"The Socialist Party seeks to organize the working-class for independent action on the political field, not merely for the betterment of their conditions, but also and above all with the revolutionary aim of putting an end to exploitation and class rule." And it adds: "To accomplish this aim, it is necessary that the working-class be powerfully and solidly organized also on the economic field to struggle for the same revolutionary goal."

Trachtenberg's 1919-1920 Year Book, page 409, tells us, too, that the party at its Emergency Convention "adopted a series of resolutions," including two described as follows:

"Co-operatives.--Favoring the establishment of co-operatives and recommending that literature be distributed on the subject."

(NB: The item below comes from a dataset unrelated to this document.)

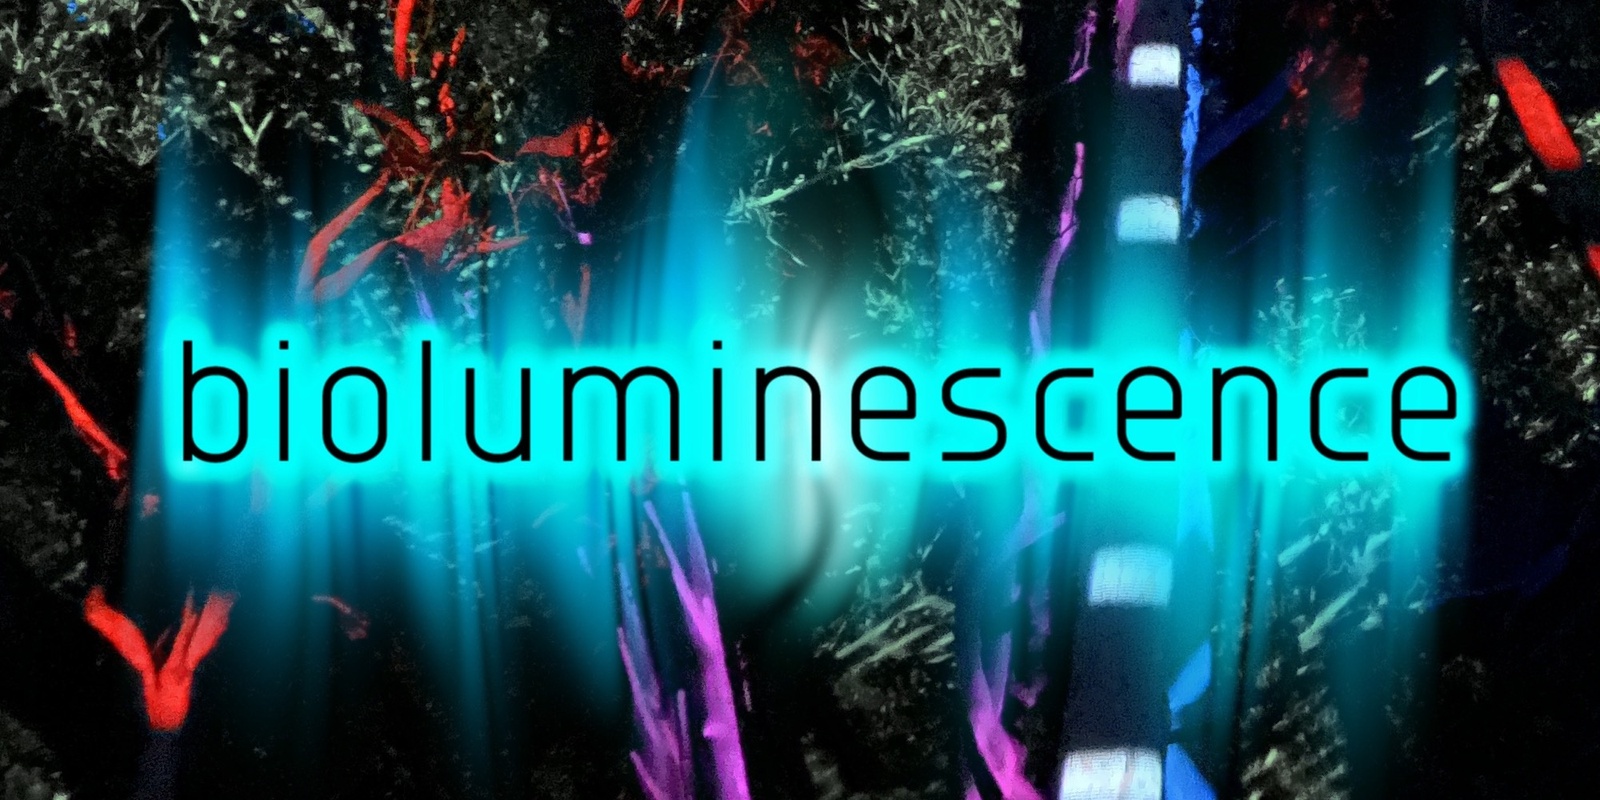 Banner image for Bioluminescence Workshops @ Falling Leaf Festival

"Economic Organization.--Favoring industrial unionism and establishing a labor department in the party for the preparation of literature and more active work among the labor unions."

We know what the last-mentioned resolution means; and the meaning of the propaganda for "co-operatives" becomes plain when we read in Trachtenberg's same Year Book, page 393, that this co-operative movement has been defined as "The state within a state."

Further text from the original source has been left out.